> Provided information
..............................
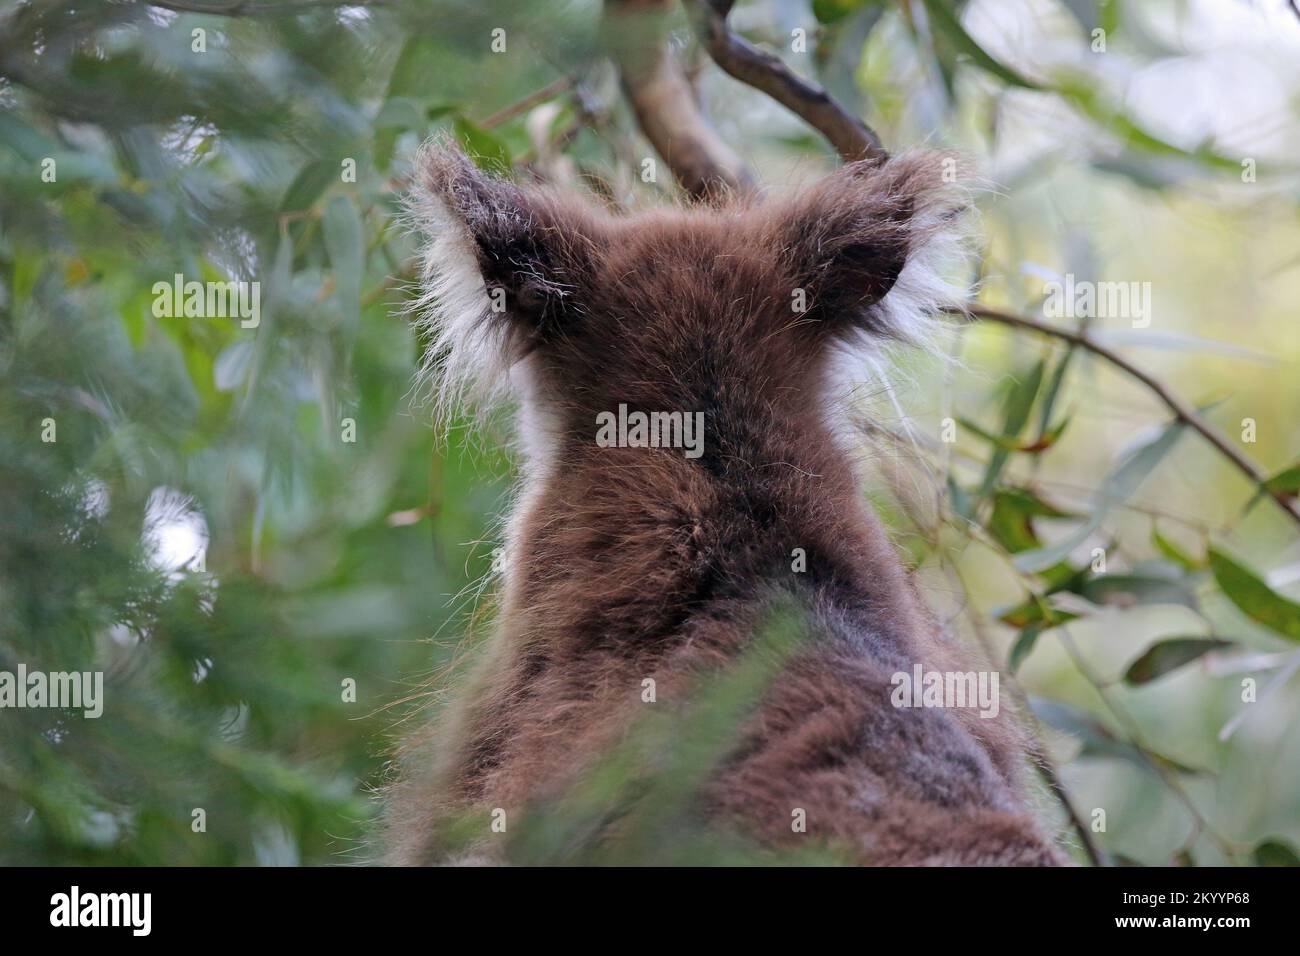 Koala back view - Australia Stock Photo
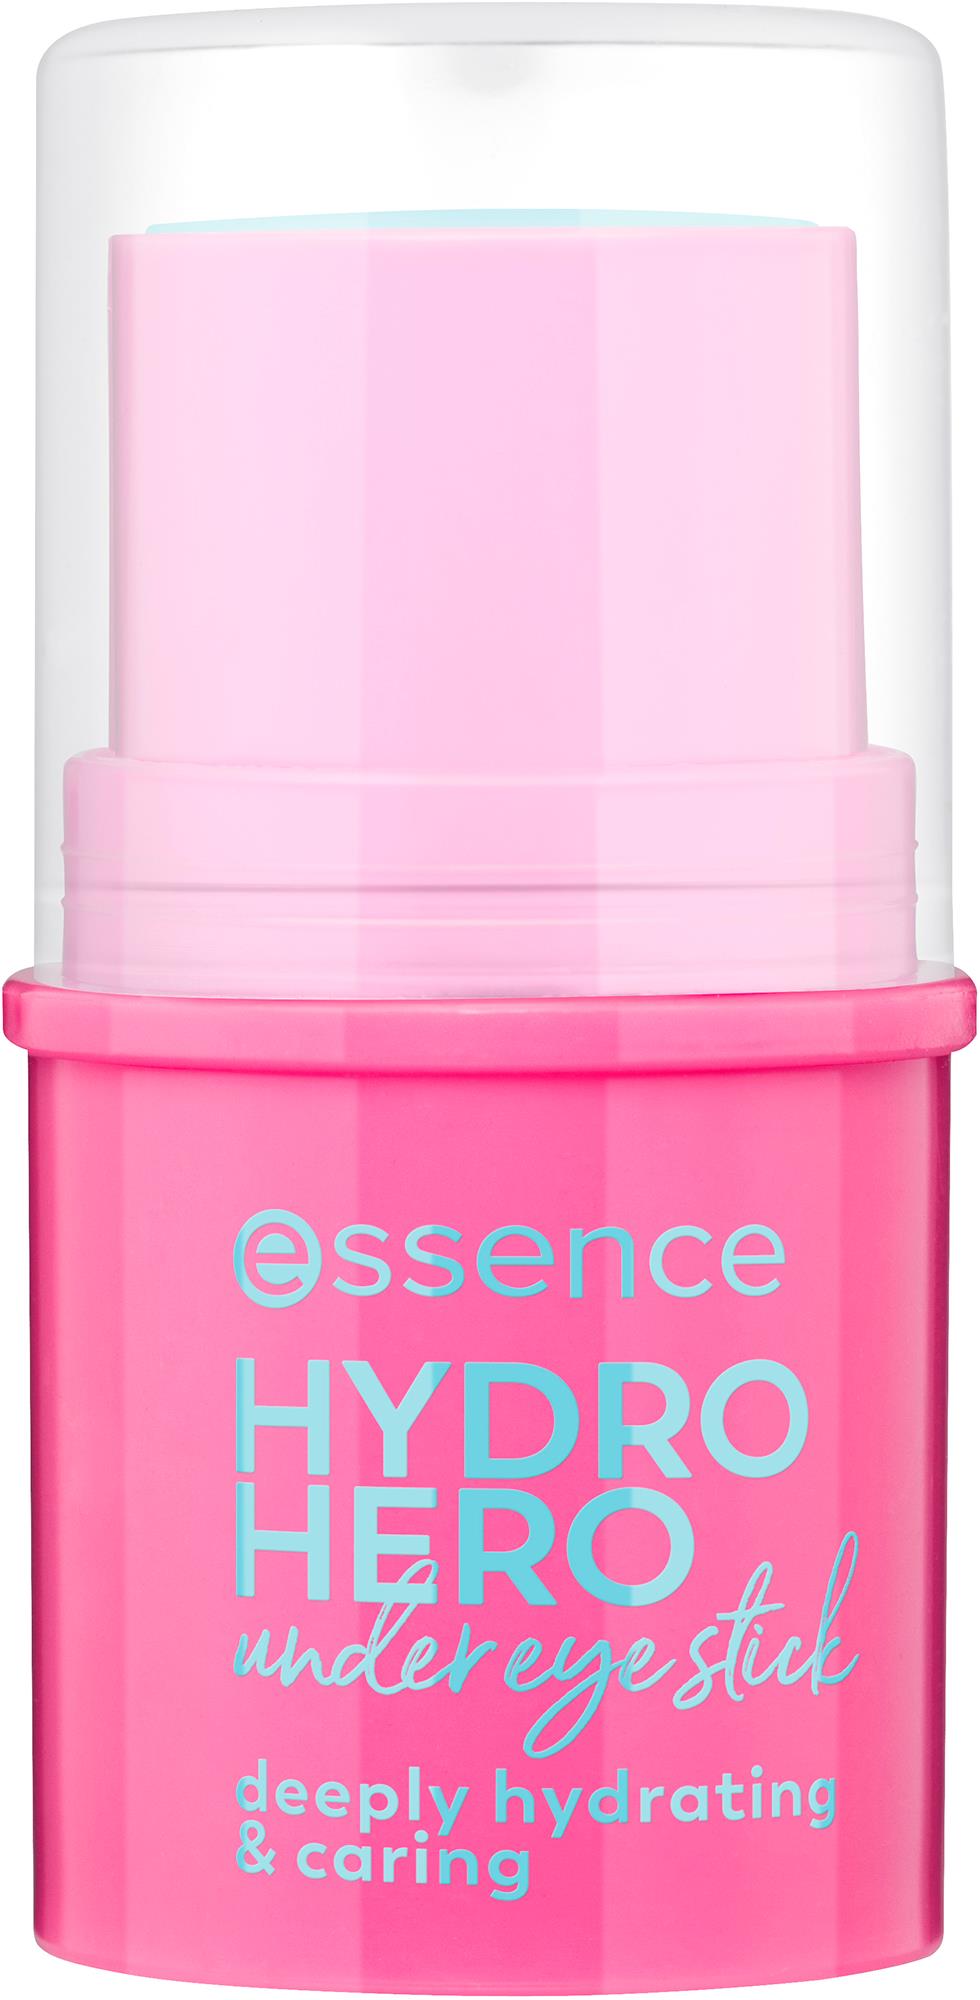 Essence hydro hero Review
..............................
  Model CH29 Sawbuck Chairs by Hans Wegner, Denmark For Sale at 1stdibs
..............................
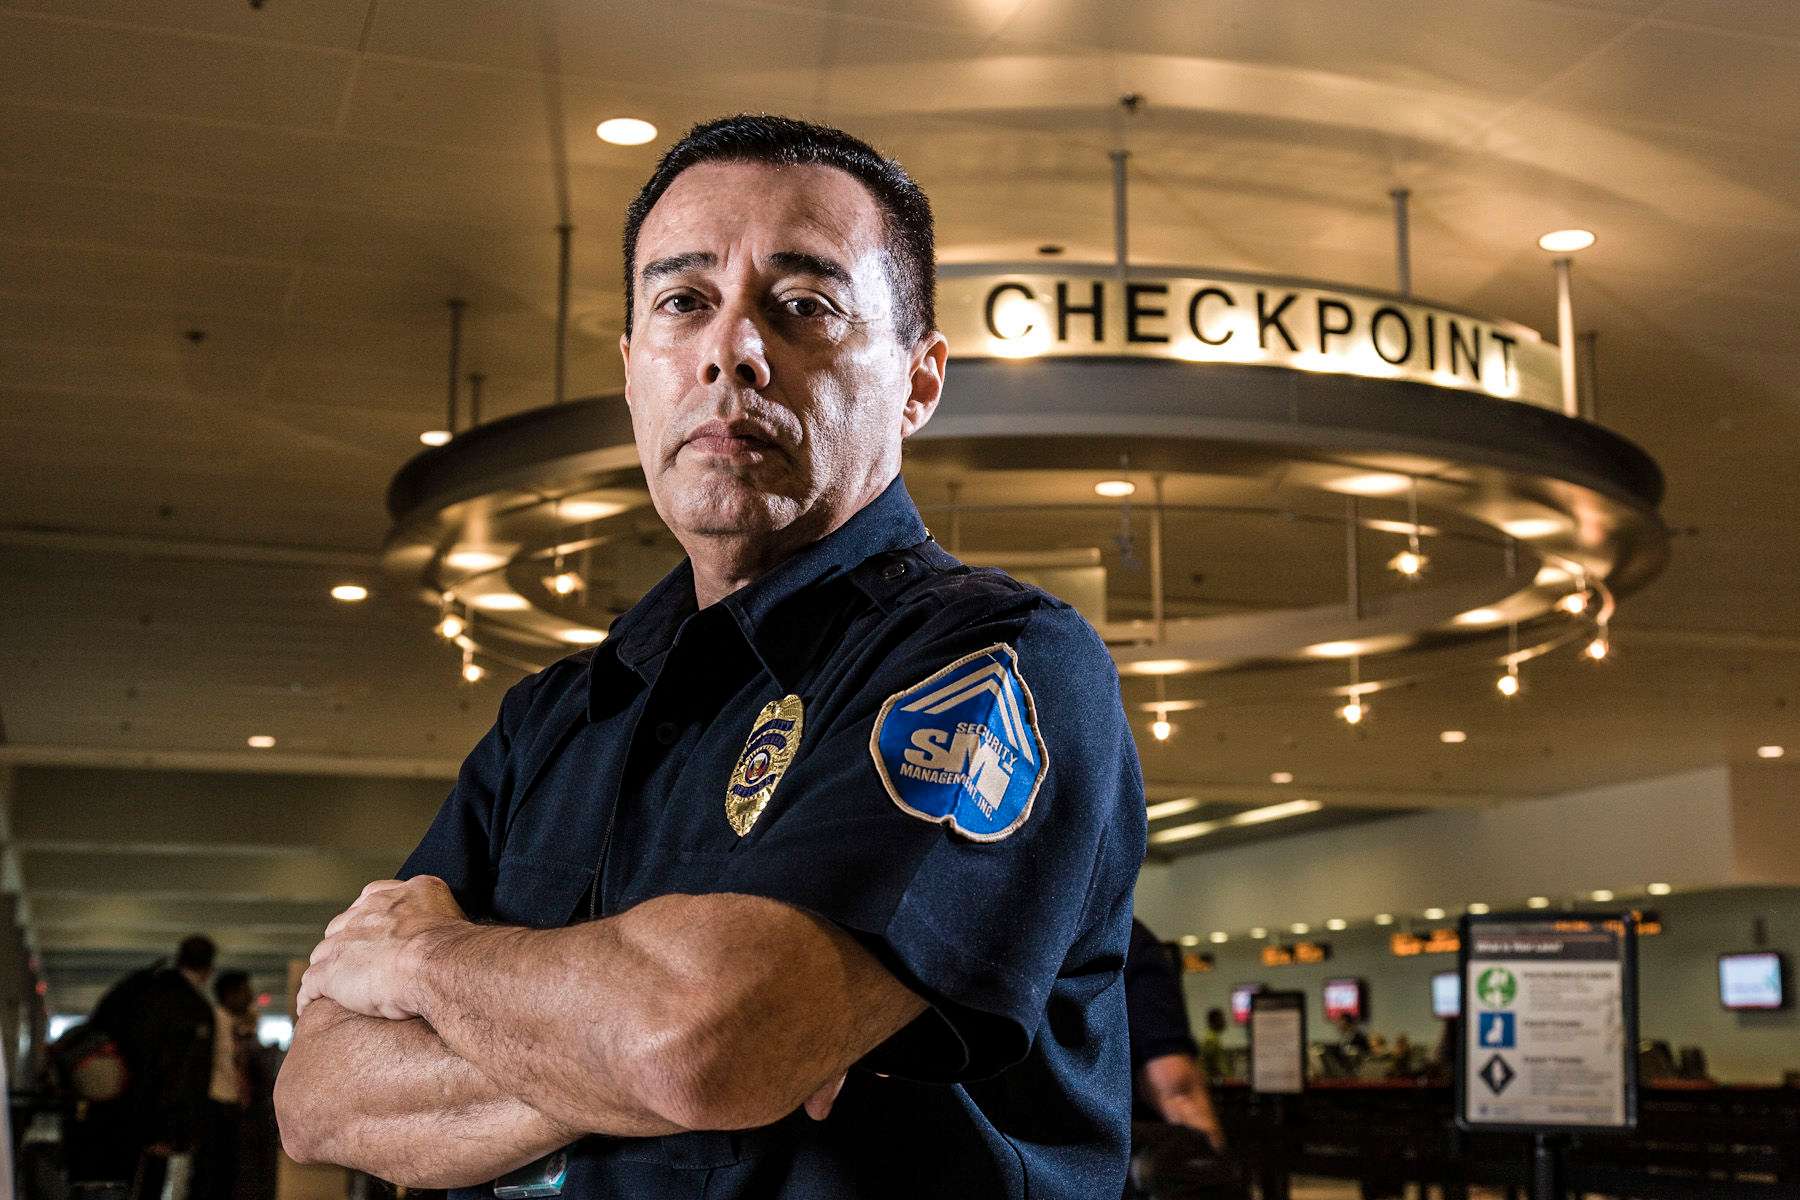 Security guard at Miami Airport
..............................
Please set down, exactly and with no pictures, the lines in the entries above starting at the one holding "Koala back view - Australia Stock Photo" and ending at the one holding "Essence hydro hero Review", ends included.

 Koala back view - Australia Stock Photo
 Essence hydro hero Review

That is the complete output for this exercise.